##### SOURCE INFORMATION #####

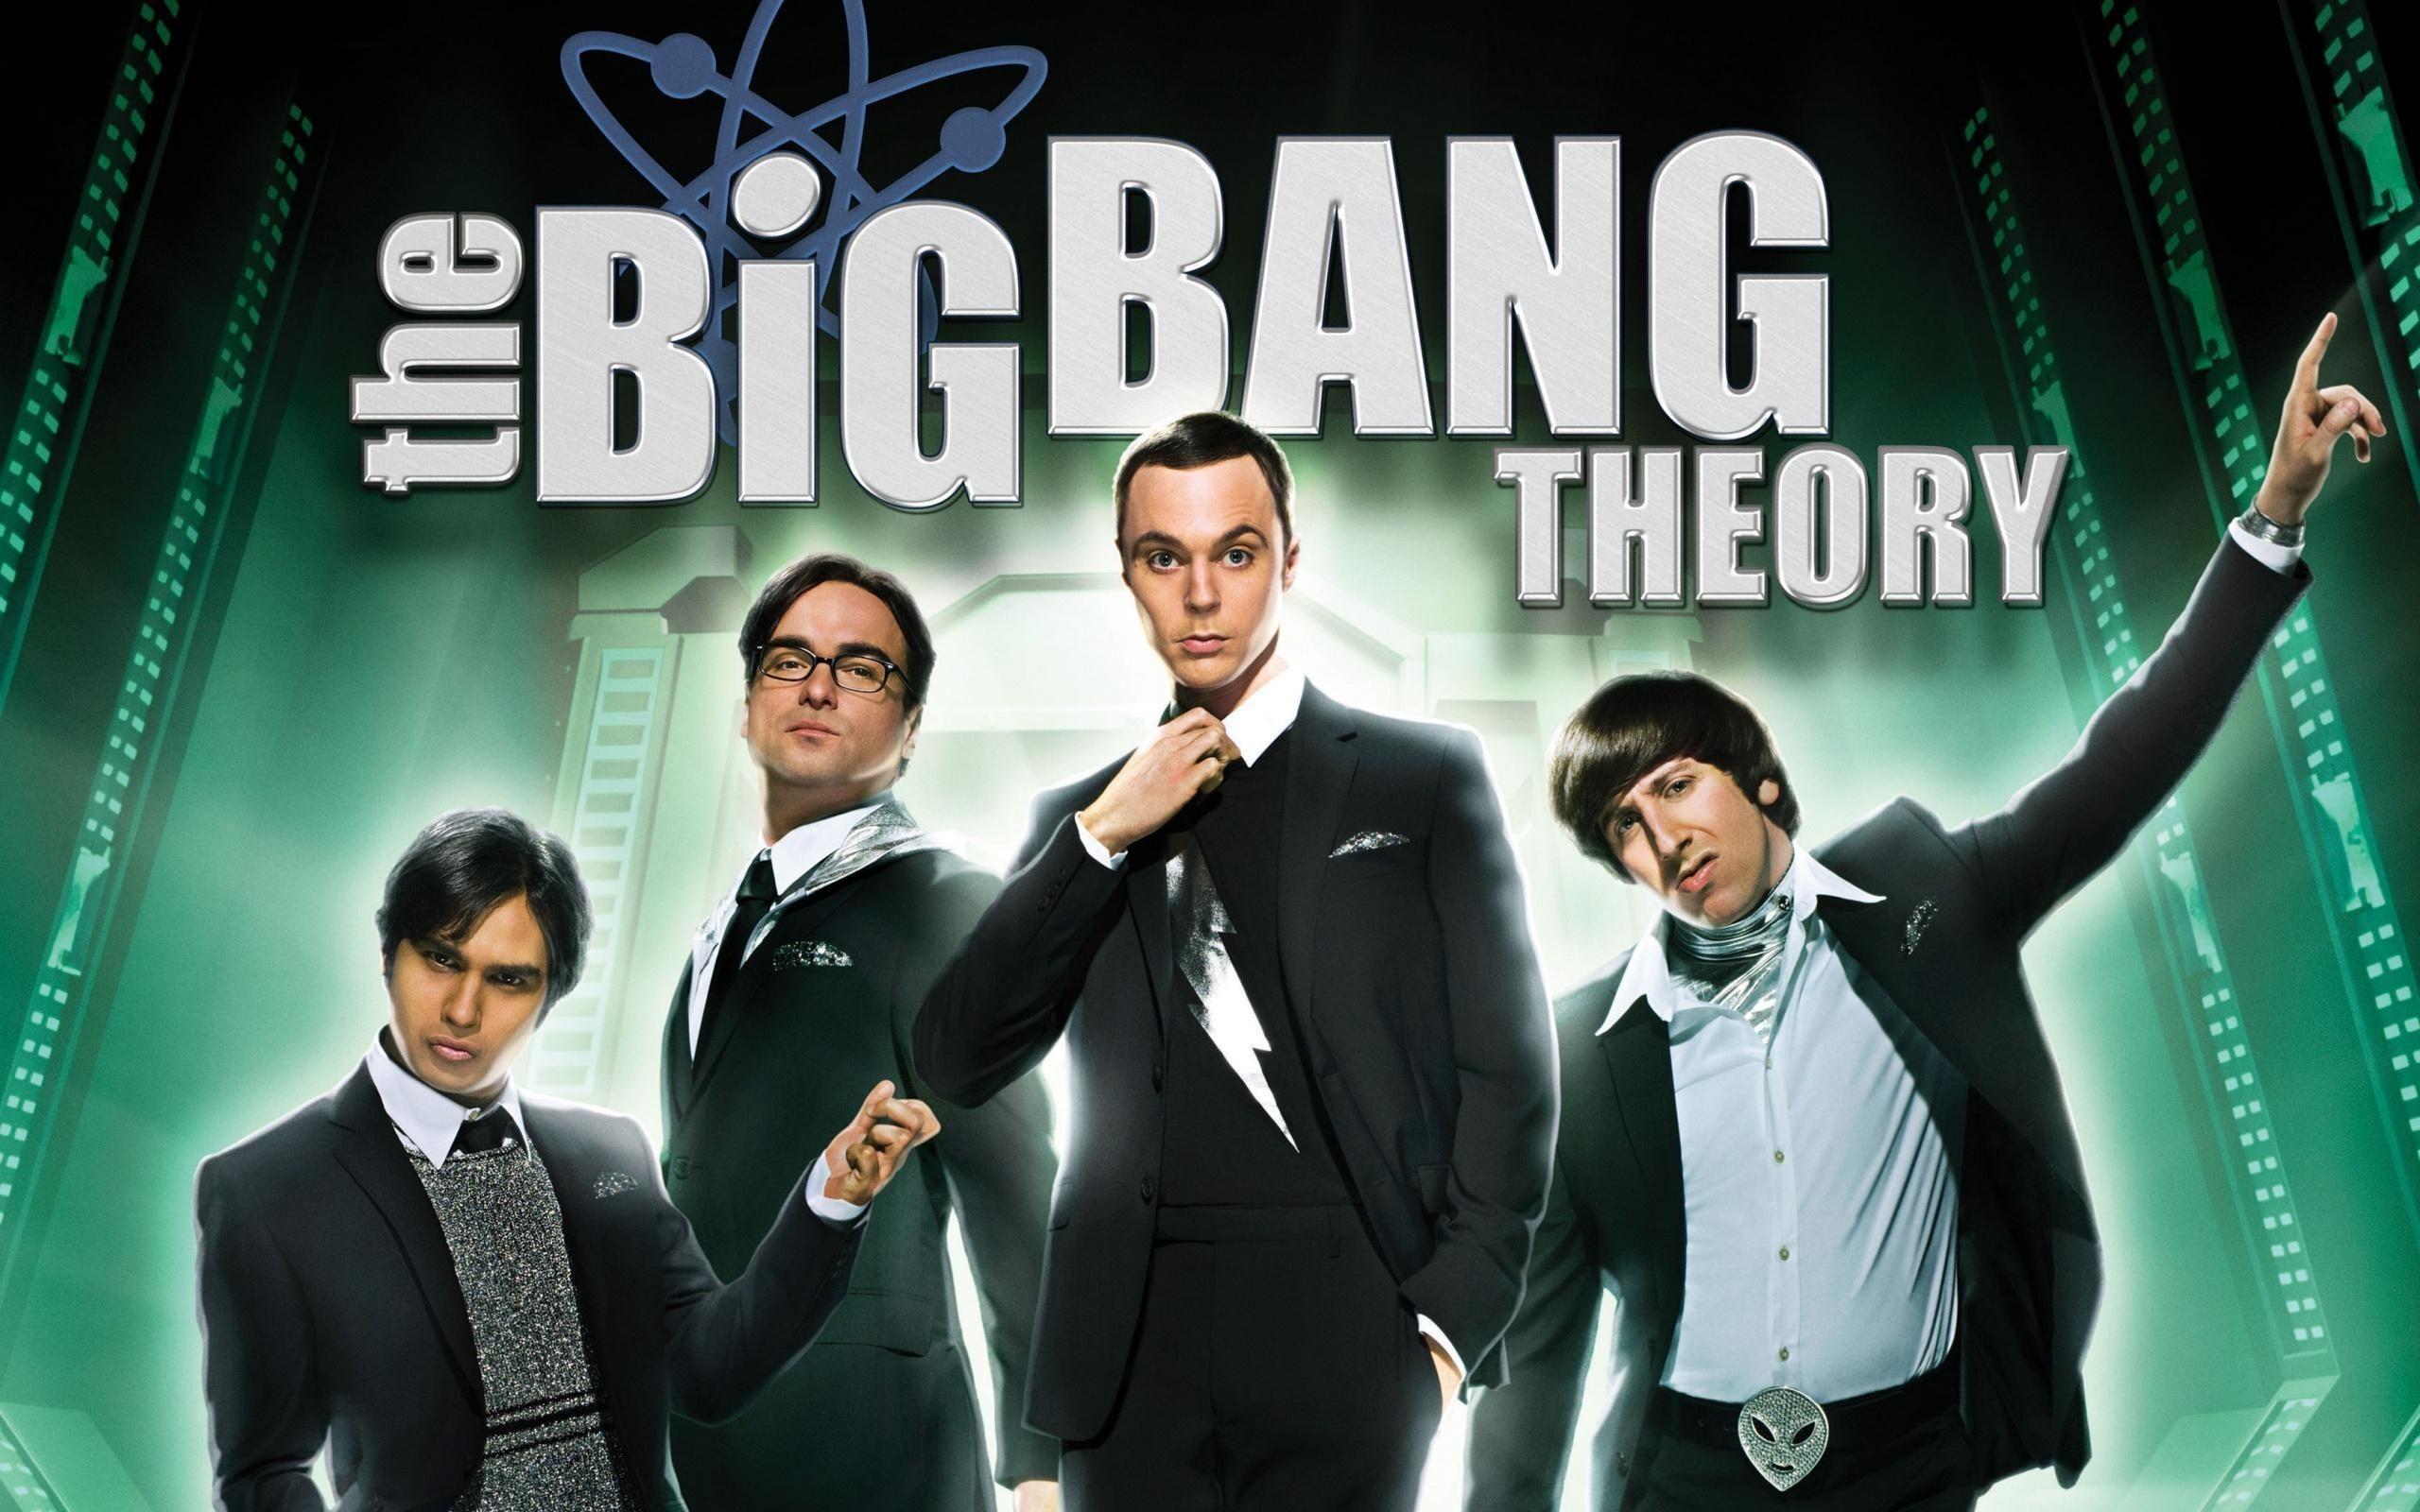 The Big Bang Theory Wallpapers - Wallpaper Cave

#####
##### SOURCE INFORMATION #####

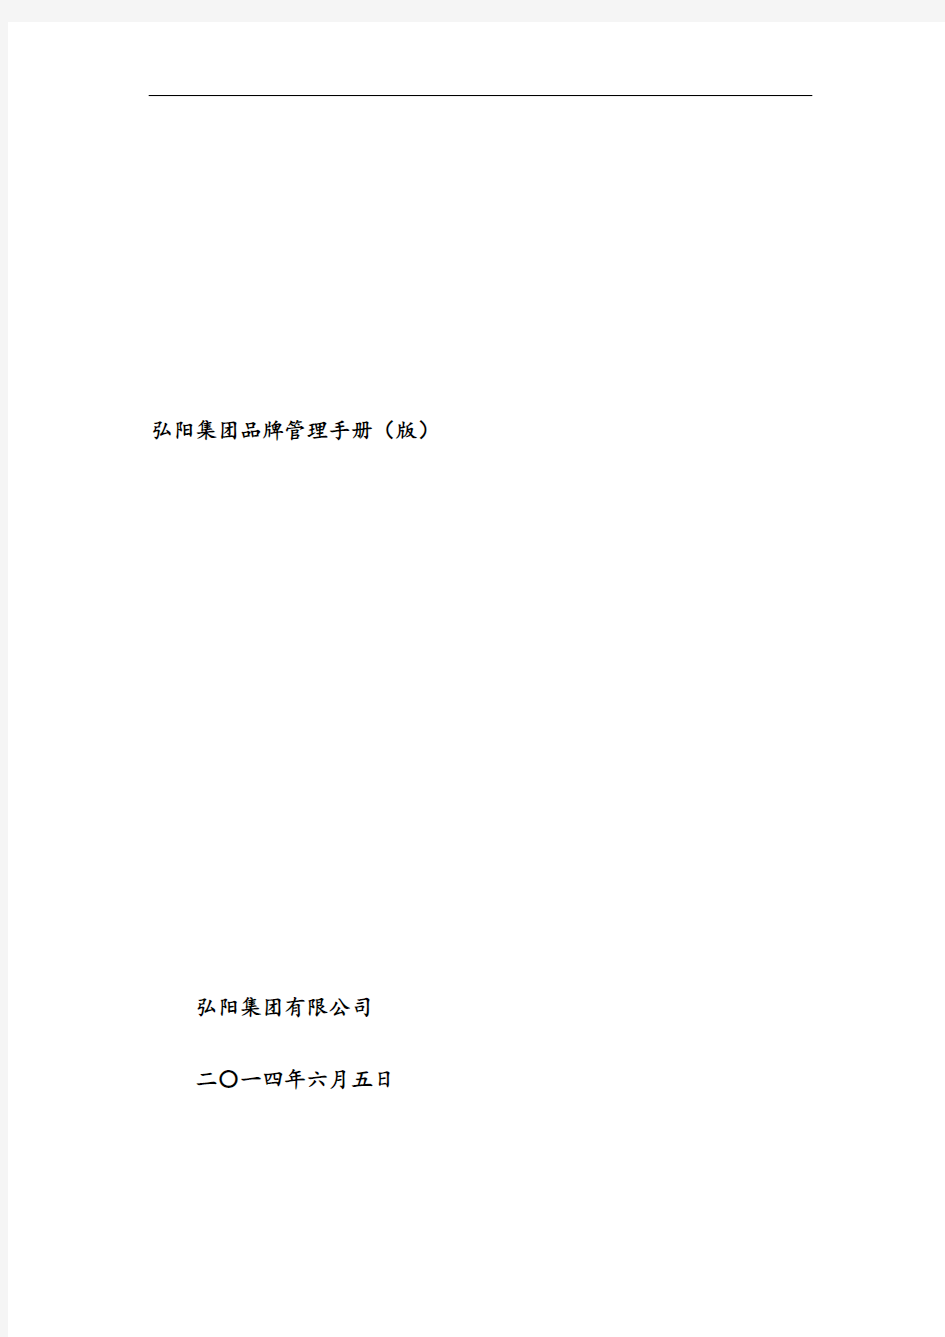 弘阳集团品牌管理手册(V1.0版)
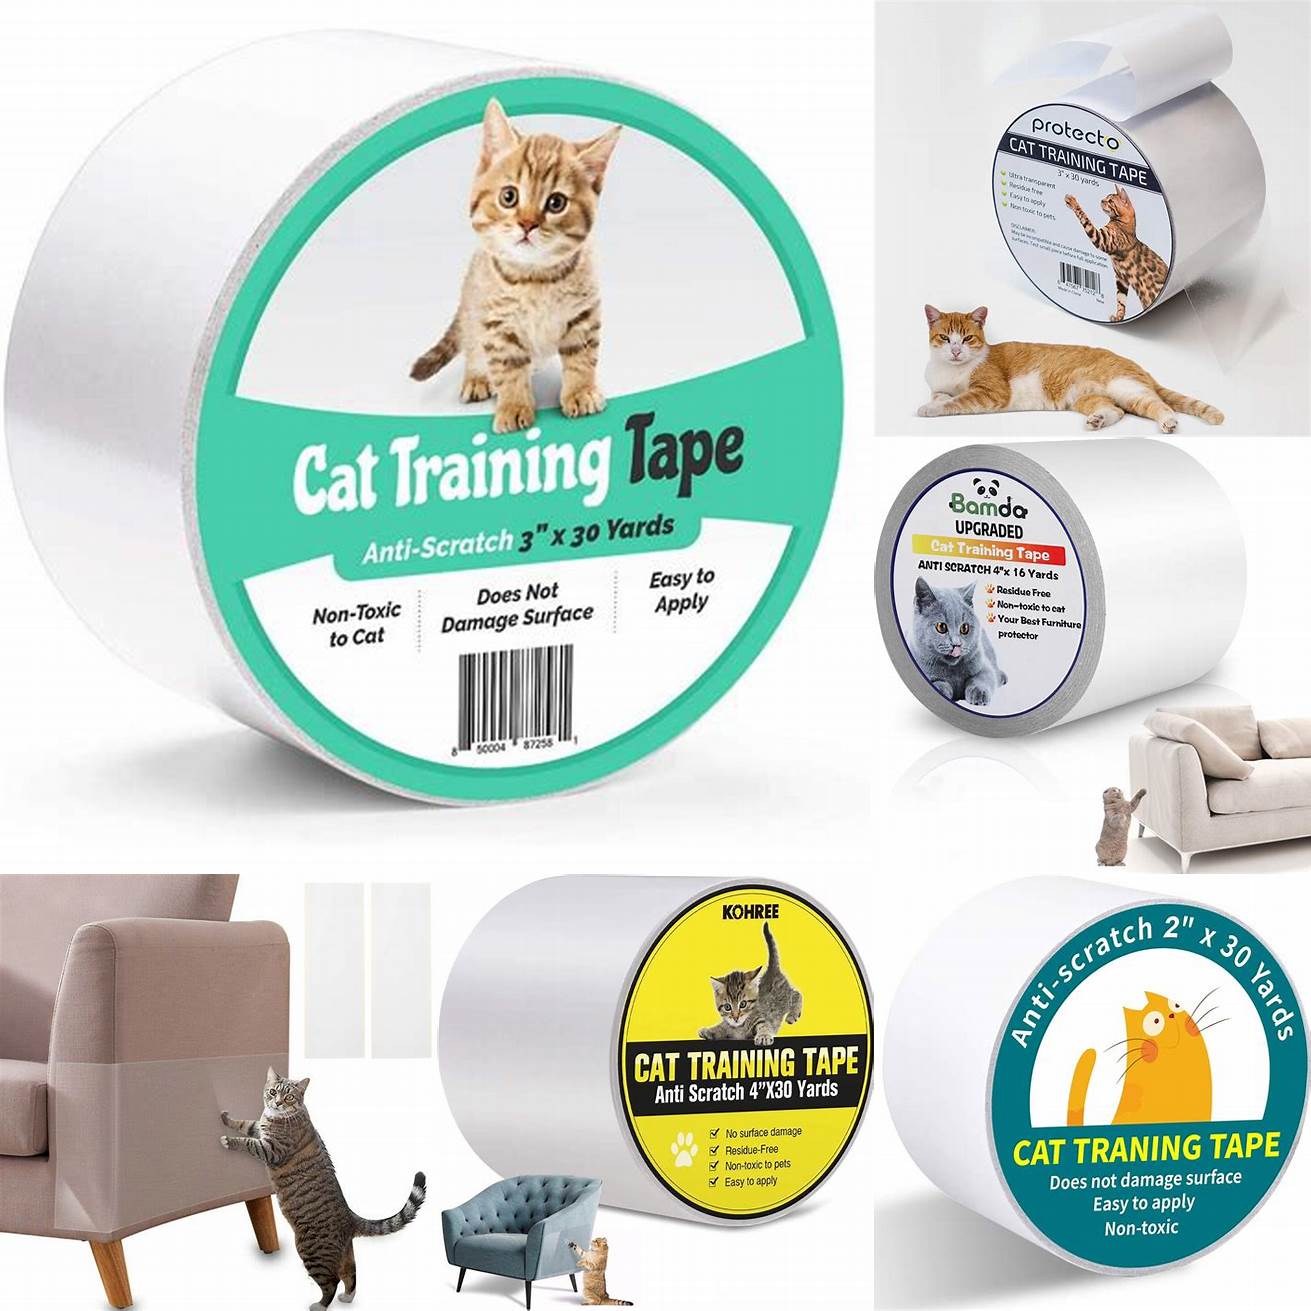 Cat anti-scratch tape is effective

#####

Pictures are to be left out. Write out only the lines above starting at the one with "弘阳集团品牌管理手册(V1.0版)" and ending at the one with "Cat anti-scratch tape is effective", both lines included, exactly.

* OUTPUT FOR THIS TASK:
 弘阳集团品牌管理手册(V1.0版)
 Cat anti-scratch tape is effective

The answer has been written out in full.